Offered By: School of Archaeology & Anthropology
Academic Career: Undergraduate
Course Subject: Biological Anthropology
Offered in: BIAN2125 will not be offered in 2010
Unit Value: 6 units
Course Description:

This course is about interpreting past human life-ways, health and ill-health from the skeleton. Life-ways and health are examined by way of skeletal and dental manifestations of disease, physiological stress, injury (trauma) and violent death, physical activity (basket weaving to spear throwing), tooth use and diet, and demographic histories. Emphasis is on the interactions between biology and behaviour and the influences of environment and culture. The multidisciplinary nature of reconstructing the lives of the dead is explored by way of the manner in which socio-cultural anthropology, archaeology, bioanthropology, chemistry, molecular biology, medicine and a host of other disciplines inform this research.

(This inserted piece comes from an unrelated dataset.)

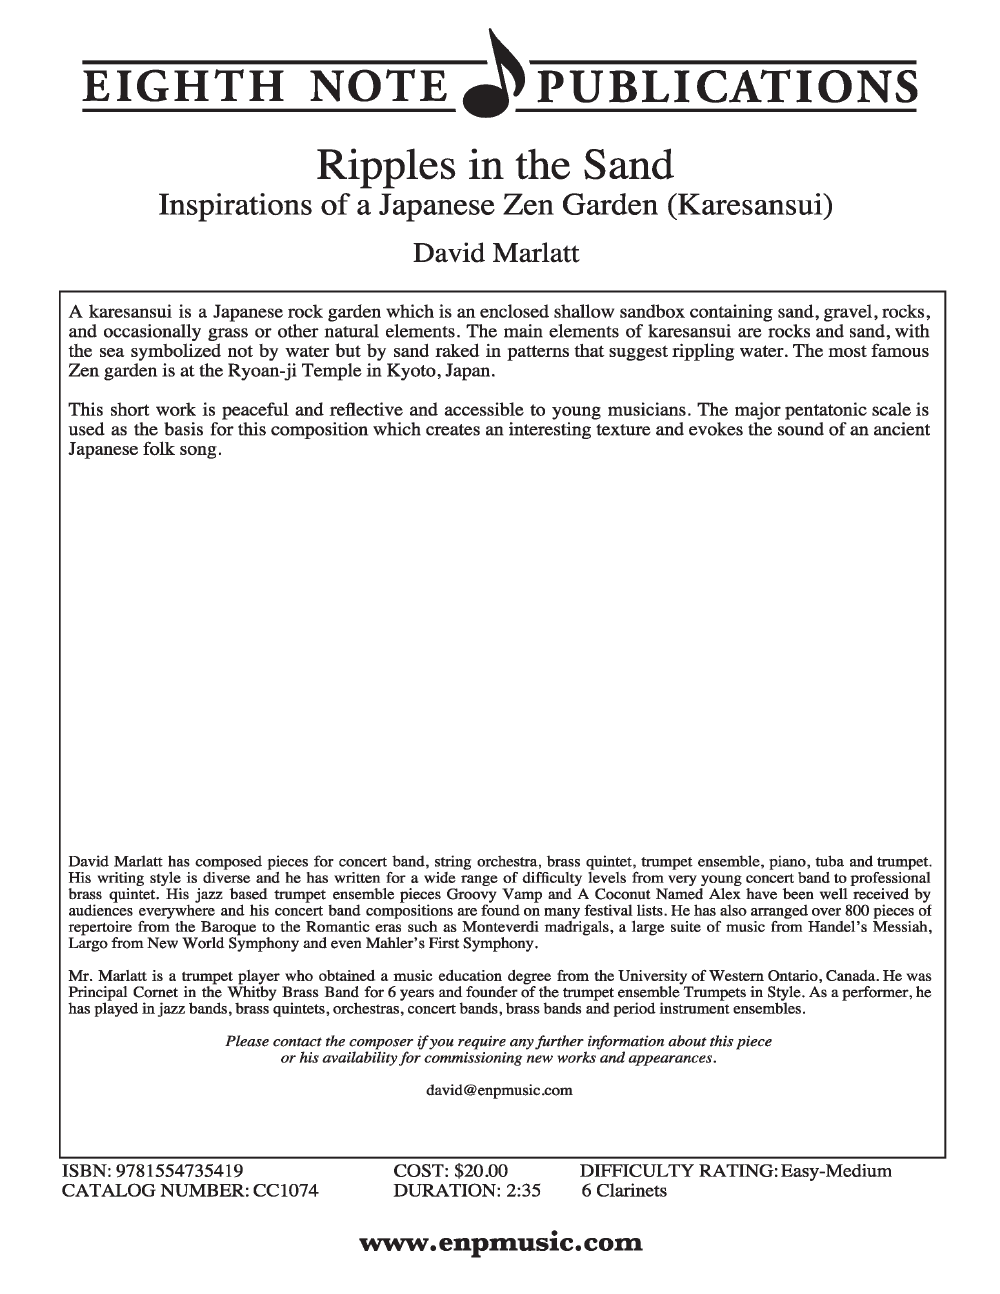 RIPPLES IN THE SAND CLARINET ENSEMBLE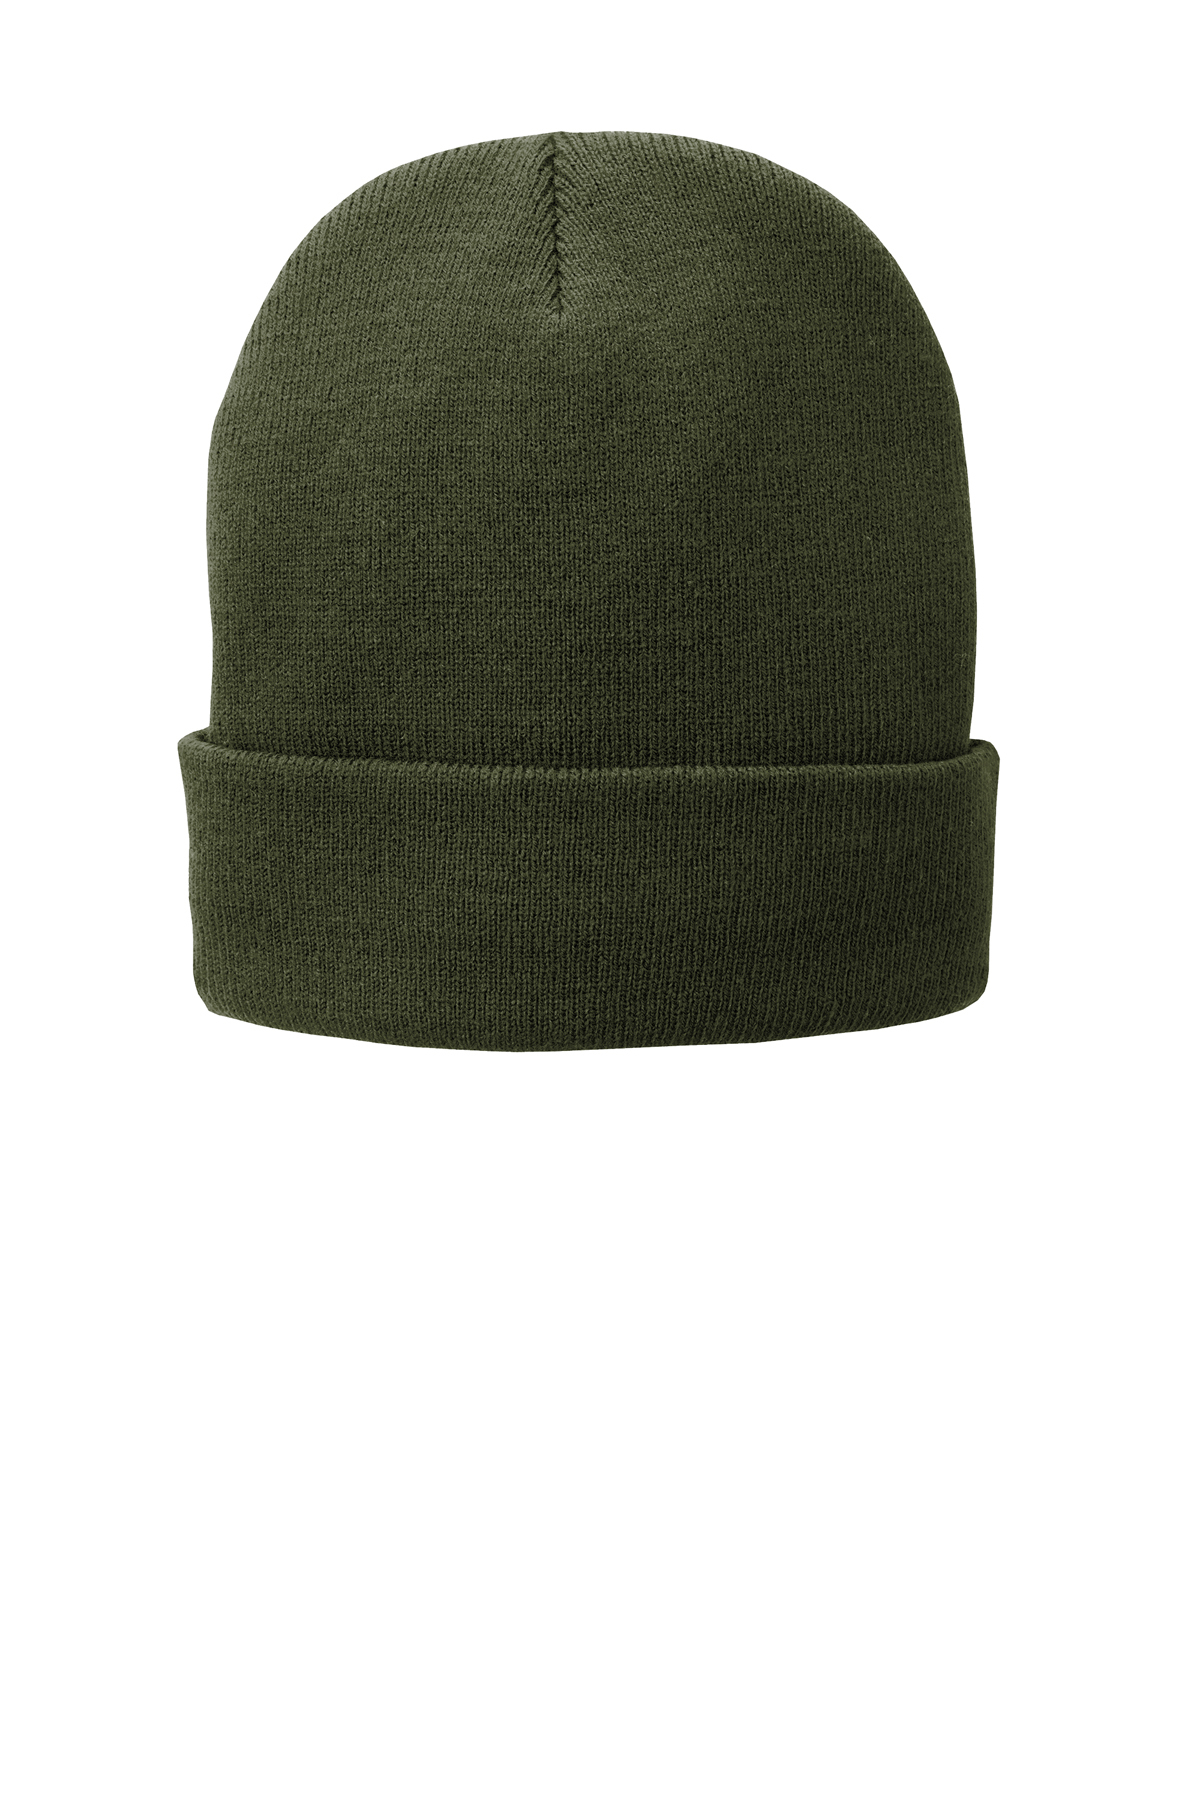 click to view Olive Drab Green

Students will be introduced to a wide range of techniques and approaches used to identify and then interpret the skeletal and dental markers left by microscopic pathogens and human occupations. We will trace the history of human health and biologically sensitive behaviours from the time of our early Pliocene forebears living millions of years ago through to the profound changes that occurred with the agricultural revolution and onto reconstructing the lives of paupers and aristocrats in our recent historically documented past. Students are strongly urged to have taken or be enrolled in BIAN3015 Human Skeletal Analysis.

Learning Outcomes:

(1) meet the stipulated course aims

(2) become familiar and comfortable with a broad sample of scholarship in this disciplinary area

(3) augment the student's the ability to think critically about basic assumptions and conceptual frameworks in this field

(4) develop skills in oral presentations, including debate, and in writing

Indicative Assessment:

Annotated bibliography (25%), differential Diagnosis (20%), tutorial participation (5%) and final paper (50%).

Workload:

2 hours of lectures and one hour of tutorials per week

Areas of Interest: Anthropology and Biological Anthropology
Requisite Statement:

Two first year courses in the School of Archaeology and Anthropology (ANTH, ARCH, PREH) and/or the School of Botany and Zoology. This course is intended to complement BIAN2119, which focuses more on living populations. Biological anthropology students are recommended to take both.

Prescribed Texts:

Larsen, C.S. Bioarchaeology. Interpreting Behavior From the Human Skeleton. Cambridge University Press, 1997.
Hoppa, R.D. and Fitzgerald, C.M. (eds). Human Growth in the Past: Studies from Bones and Teeth. Cambridge University Press, 1999.
Katzenberg, M.A. and Saunders, S.R. (eds). Biological Anthropology of the Human Skeleton. Wiley-Liss, John Wiley & Sons, Inc., 2000.
Roberts, C. and Manchester, K. The Archaeology of Disease. Cornell University Press, 1997.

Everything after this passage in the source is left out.